## Task to carry out
Copy out only the lines running from the one that contains "Black Panther Wakanda" through the end of the listing. Pictures stay out.

-------- Information shown --------

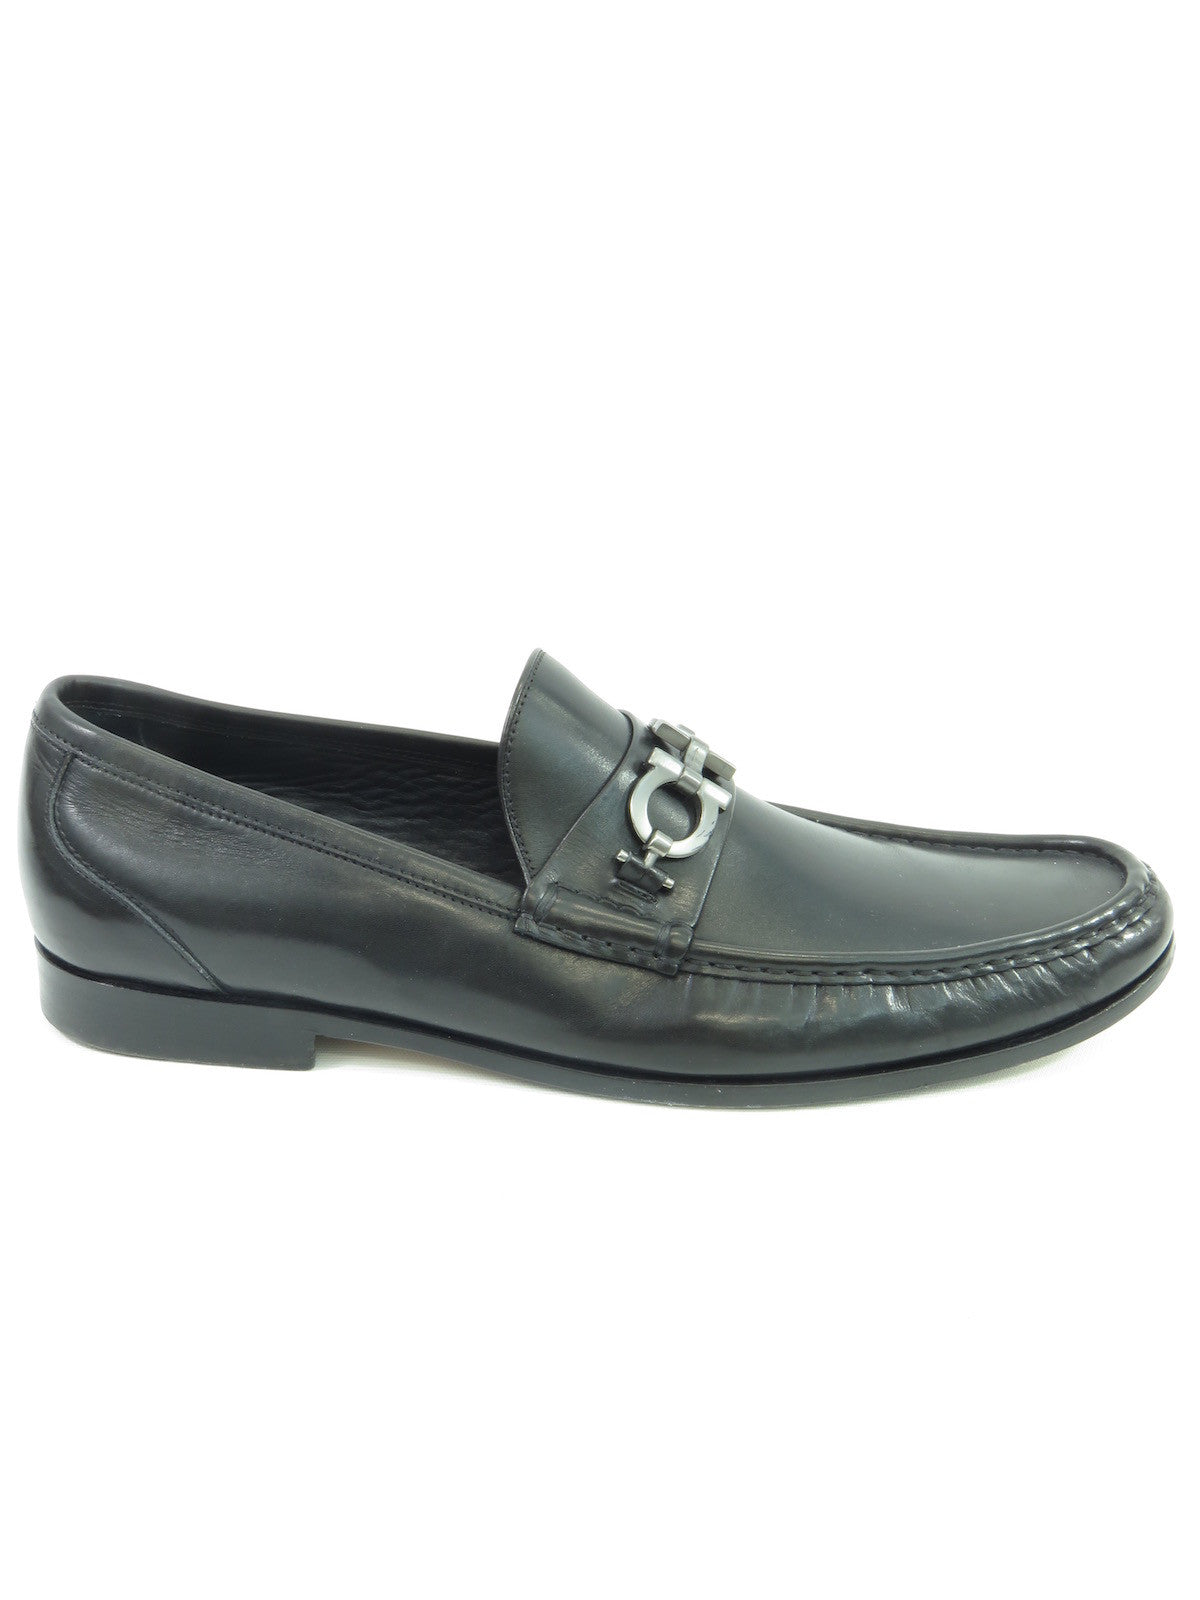 mens black dress shoes with silver buckle
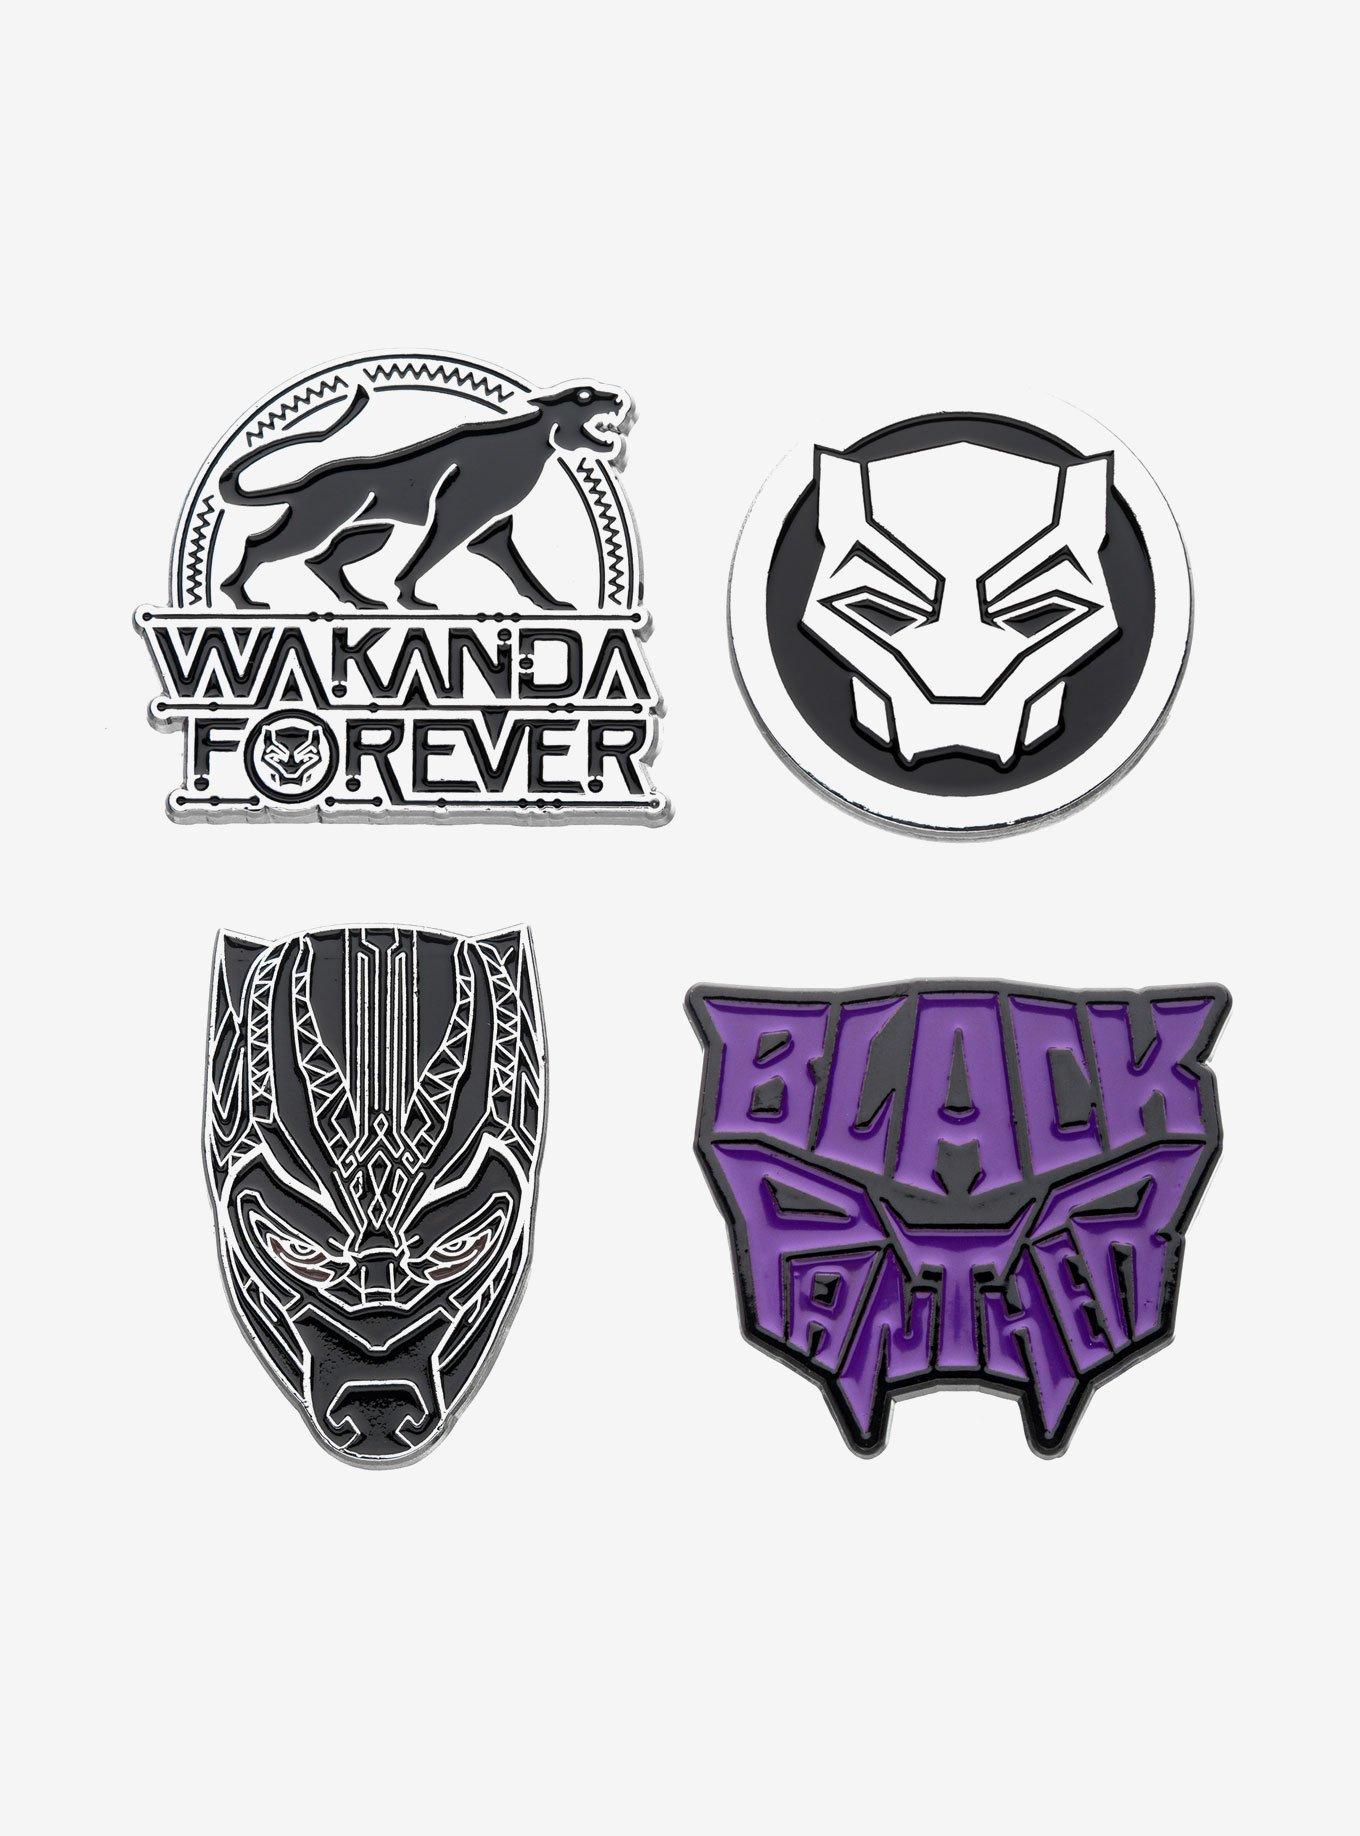 Black Panther Wakanda Wrestling Gear Collection
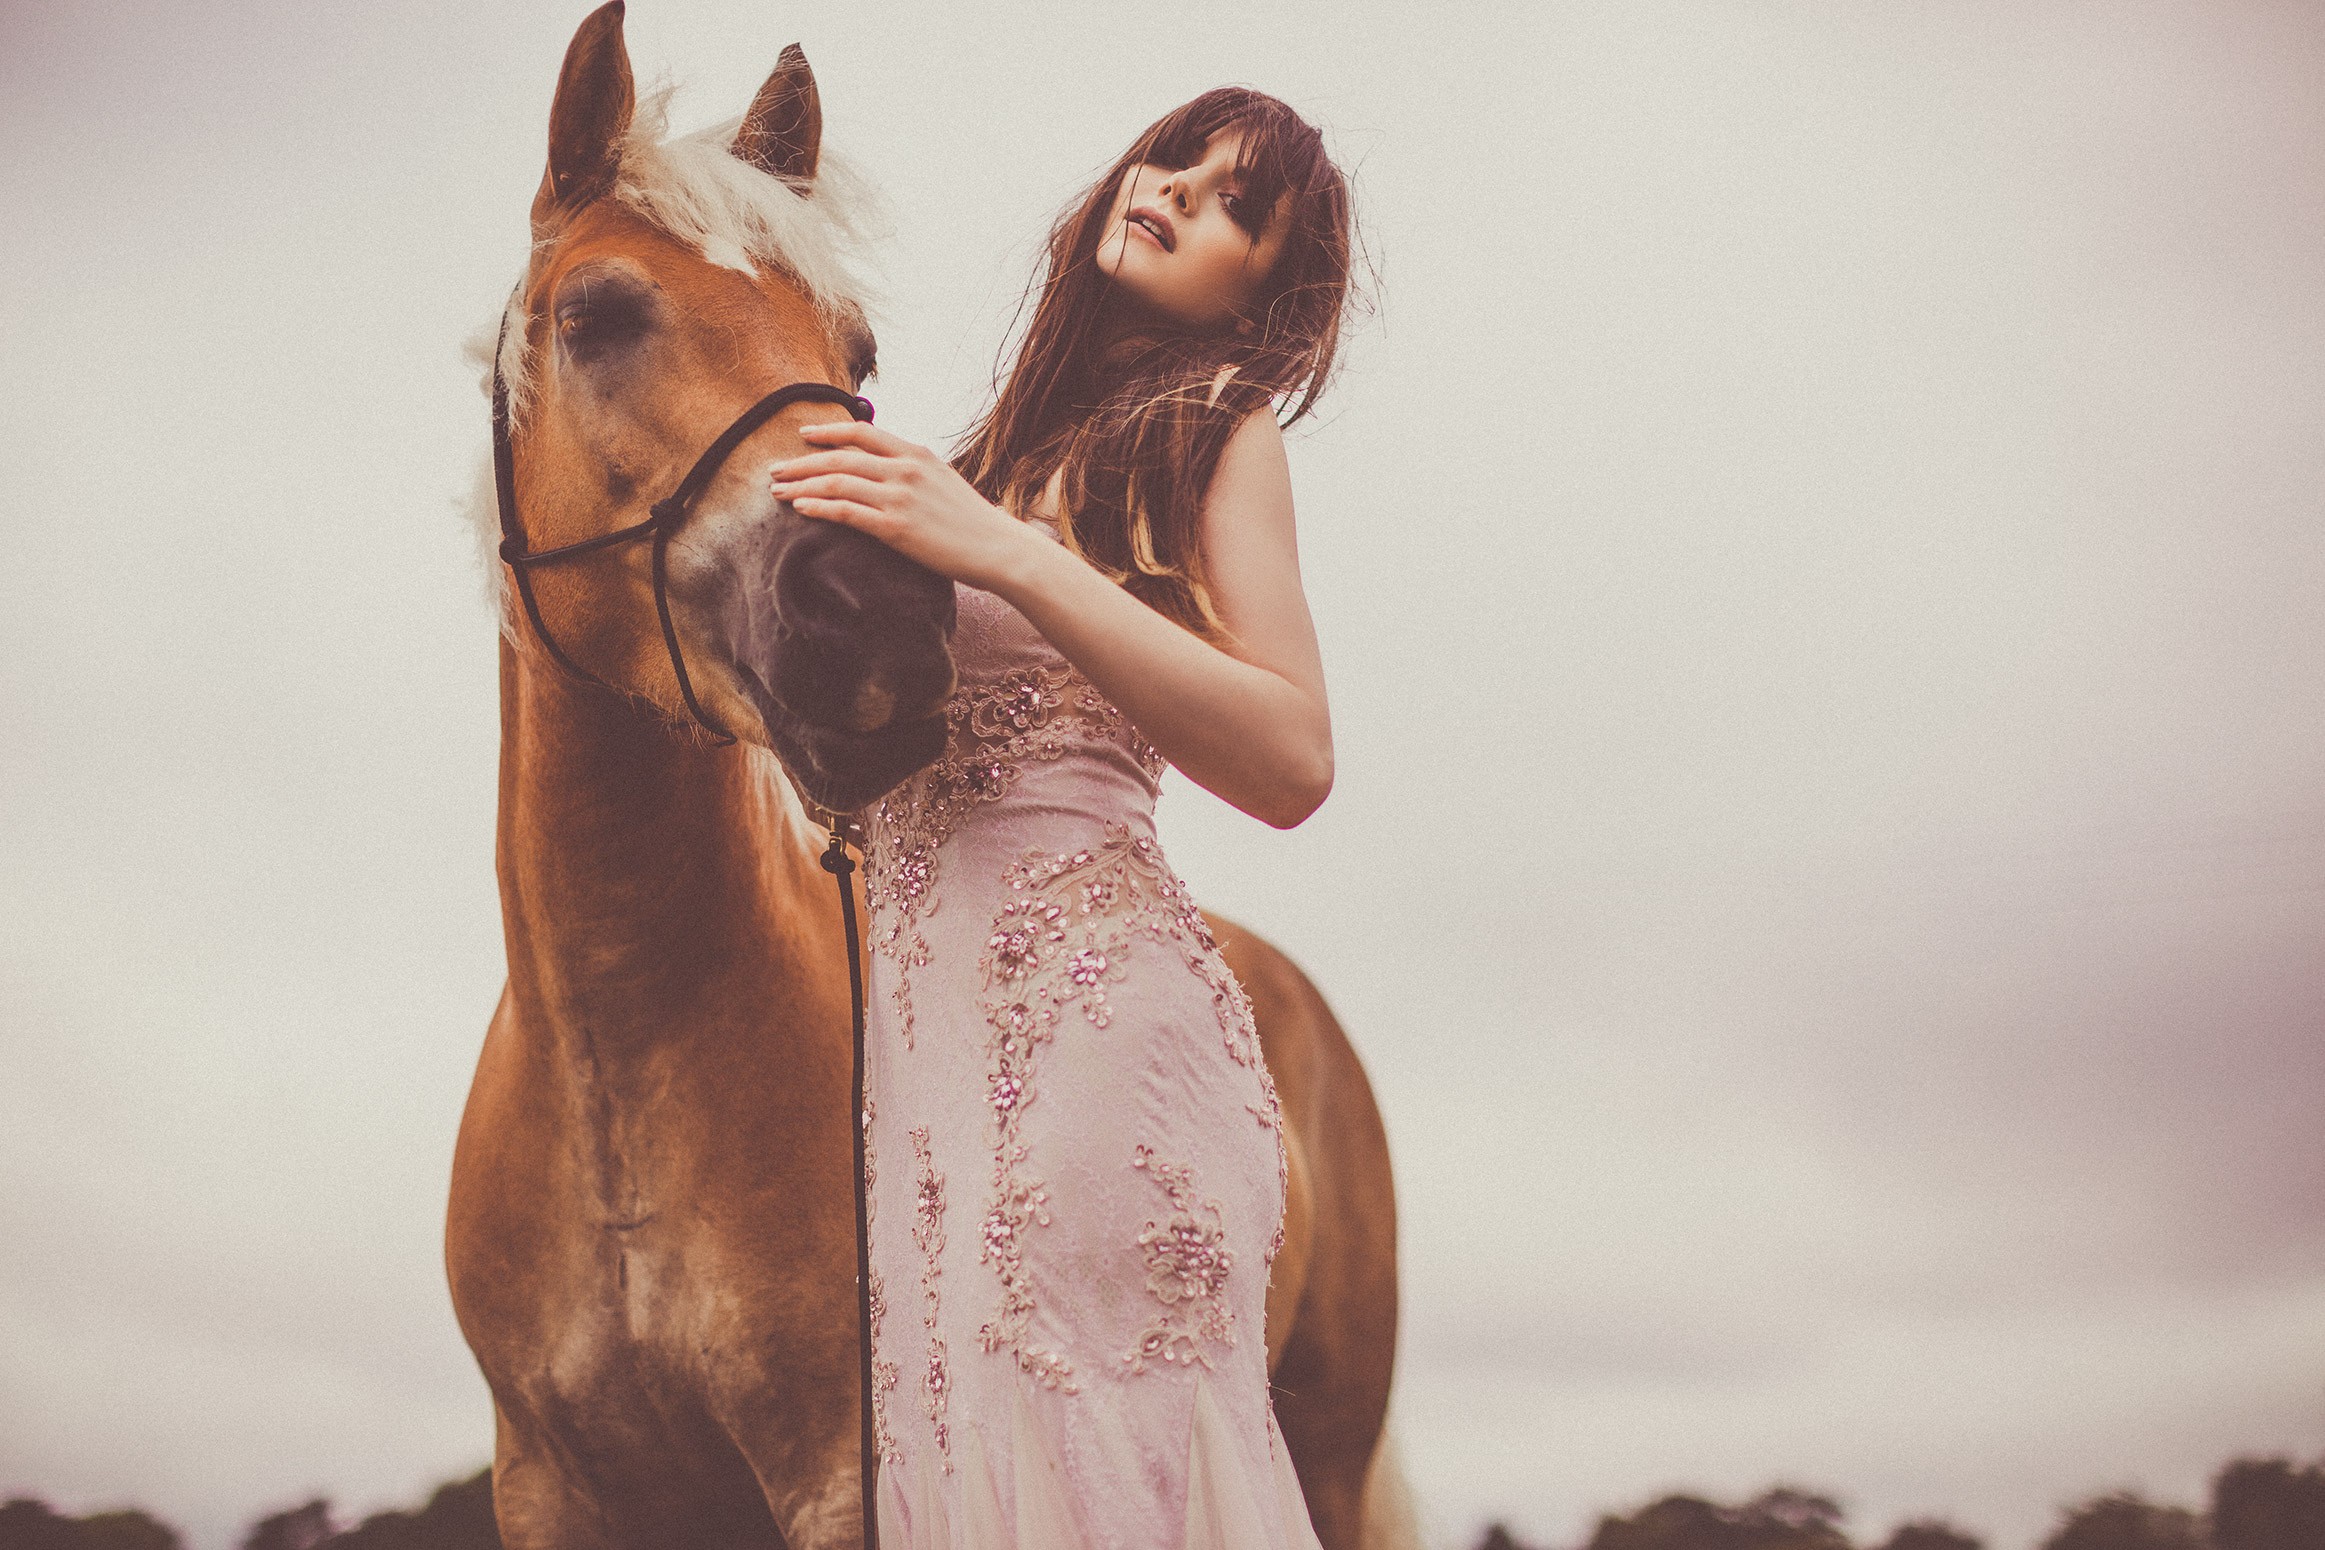 lilah-parsons-ruth-rose-horse-field-shoot-fashion-photography-7

--------

## Answer
 Black Panther Wakanda Wrestling Gear Collection
 lilah-parsons-ruth-rose-horse-field-shoot-fashion-photography-7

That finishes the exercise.